その時、歴史が動いた かも。
何でこうなるの?
翌朝、夜明けと共に起きて、朝食を食べ、荷造りを終えて、王都に向けて出発。
オストヴィントから意識を外して、運転手の突撃兵(ドイツ軍だと1等兵)に、操縦を任せる。
彼は、このノロノロが全く苦痛じゃないようで、順調に街道を移動している。
凄いよ、マジ尊敬するわ。
で、王都の市街を守る外郭の城壁が見え、やがて、大きな城門が見えたその時、頭の中で、ピーンと言う音が響き、ミッションの説明画面が立ち上がった。
喜べ諸君!!
チュートリアルは物足りなかっただろう?
これからが本番だ。
クーデターが起きた。
カラン大公の手勢が、城門を抑えようとしている。
先ず、これを阻止せよ。
又、王女さんの継弟の母親と、王弟が手を結んだ。
ミュア子爵夫人の手引きで、王宮にカラン大公の手勢がもう一隊向かっている。
これもを阻止せよ。
・・・・
何でこうなるの?
前方を見ると城門で諍いが起きている。
城門を潜ろうとして居た商人や旅人は、逃げるように四方へ散りだした。
騎士隊長のハリファ殿が、門に駆けつけようと馬を駆ったが、遅かったようだ。
門兵を蹴散らした手勢は、門を閉じ始めた。
生き延びた門兵がこちらへ駆けつけ、
「大公謀反!!大公謀反!!」
と。大声で叫んでいる。
姫様の手勢は、僅か5騎と、蹴散らされ、逃げ延びた門兵2人ほど。
こちらが手助けしないと、落ち延びるしか選択肢が無くなるだろう。
落ち延びると、お金に不自由するだろうから、下手に長期化するとこちらが詰む。
積極的に、支援せざる得ない。
馬車を見ると、姫様が降りてきて、こちらへ近づいてくる。
僕もオストヴィントより降りて、姫様の方へ寄ると、
「イリヤマ様、助けてください。
このままでは、父、アムネリア国王の命が危ない。
どうか、お願いです。
父を救ってください。」
あぁ~お父さんが居たか。。。
そりゃ~逃げる事も出来ないよね。
今にも泣きそうで、肩が震えている。
「了解しました。
叶うかどうかは判りませんが、精一杯助力します。
だから、泣かないで。」
振り返り、僕の後ろに控えていた軍曹に、号令を発す。
「これより、アムネリア国王救出を行う。
先に乗車せよ。
僕もすぐ向かう。
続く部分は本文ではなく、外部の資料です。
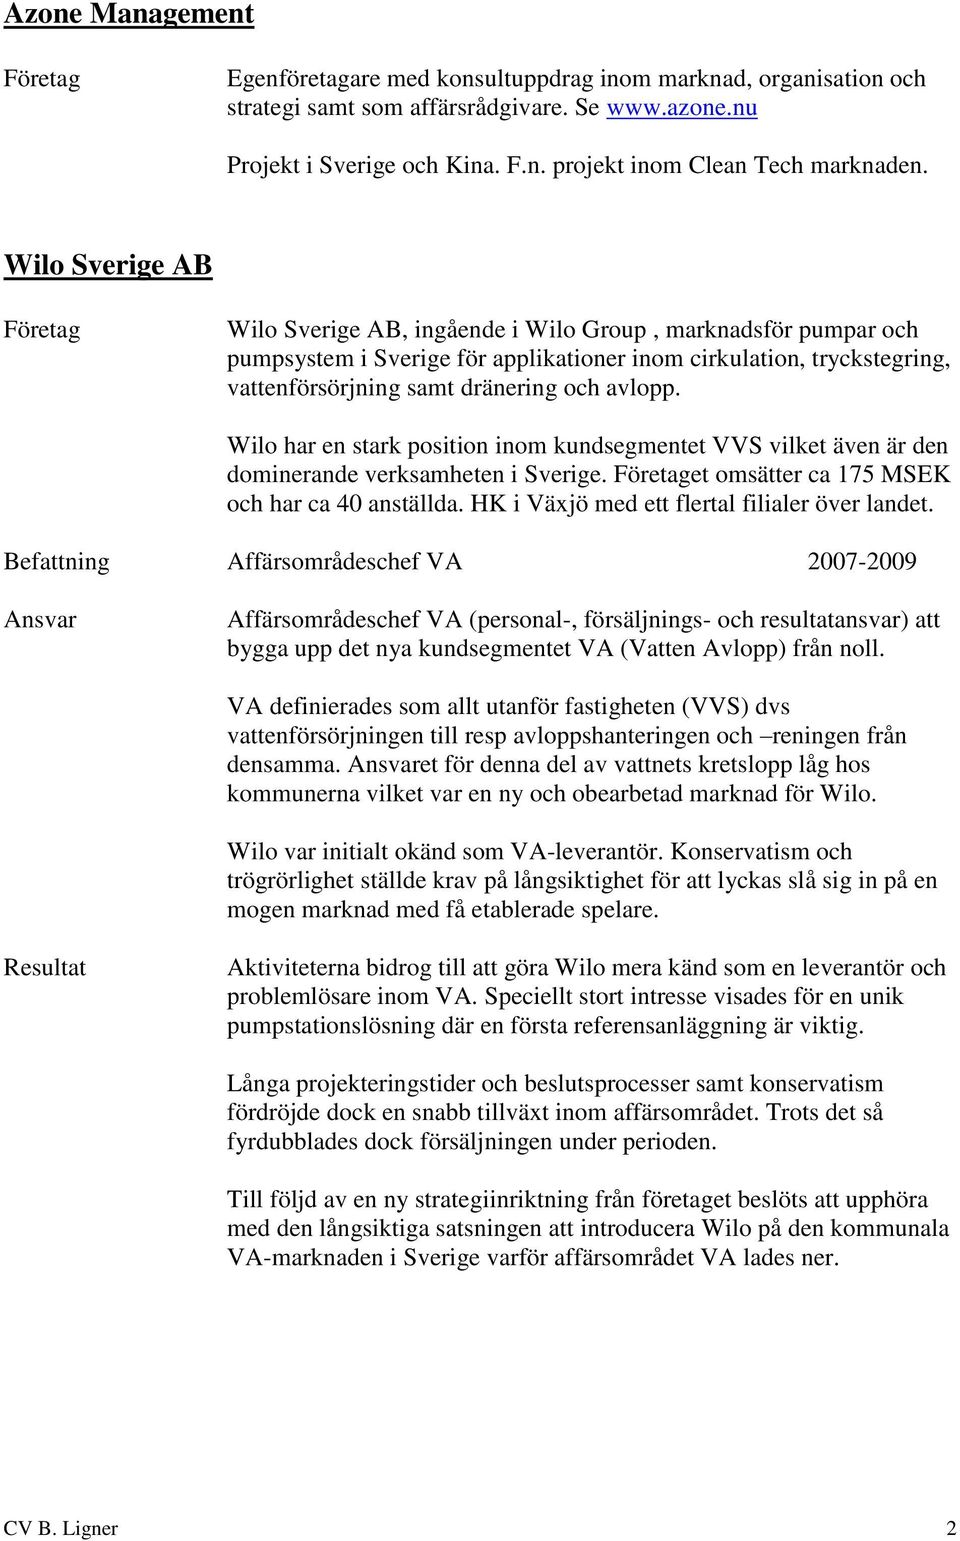 Wilo har en stark position inom kundsegmentet VVS vilket även är den dominerande verksamheten i Sverige. et omsätter ca 175 MSEK och har ca 40 anställda.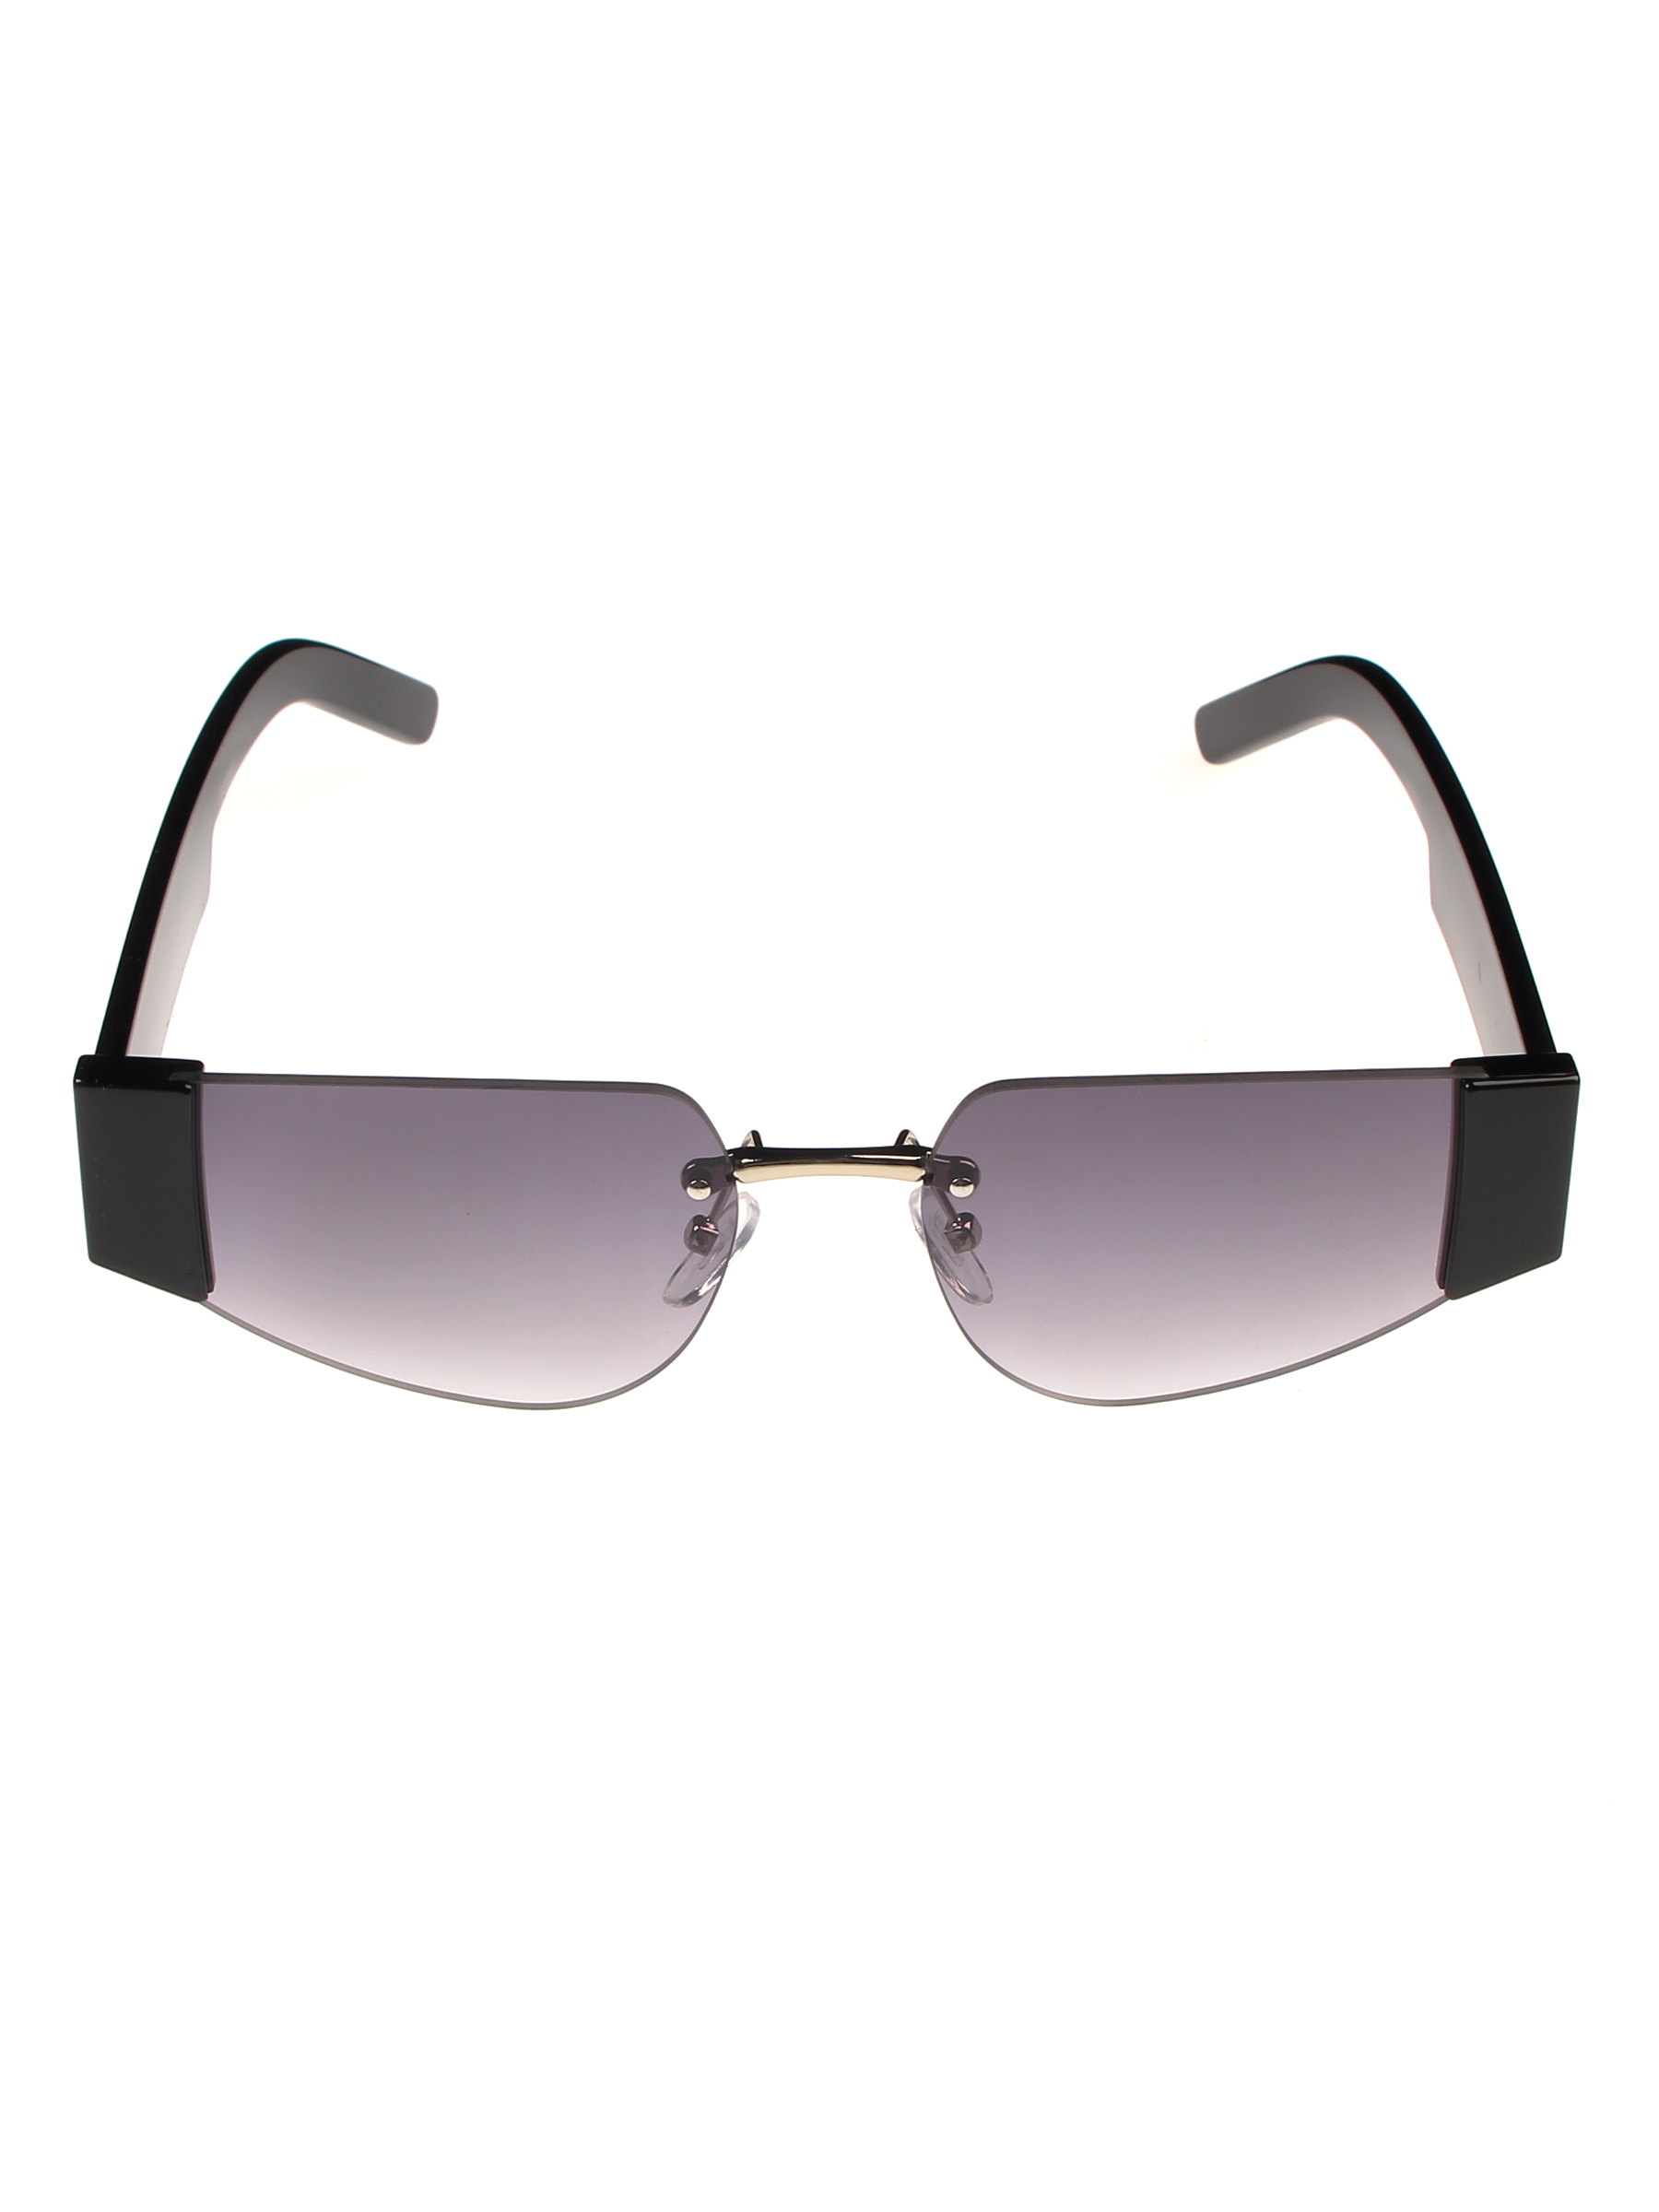 Солнцезащитные очки женские Pretty Mania NDP009 черные

」
そして、アリス王女に振り返り、
「姫様、オストヴィントに一緒に乗車してくれませんか?
オストヴィントの機動力は非常に速く、馬なぞ足元にも及びません。
又、その攻撃は、類を見ない破壊力を誇り、その轟雷に兵や馬は怯えます。
しかしながら、私共は、王都を知らず、王宮を知らず、又、王様を知りません。
不用意に乗り込めば、敵も味方も区別が付きません。
故に、誰も信用できないし、誰も信用してくれません。
しかしながら、姫殿下がご一緒してくださるなら、きっと、王様を救い出せましょう。」
一息にしゃべり、頭を下げると、
「判りました。
案内いたします。
と、ハッキリとした口調で仰られた。
得体の知れぬ僕らと一緒だなんて、怖いだろうに、決意を秘めた強い眼差しで、僕を見ている。
強い子だなぁ~
「では、急ぎましょう。
時間が成否を分けます。
こちらから乗り込んでください。」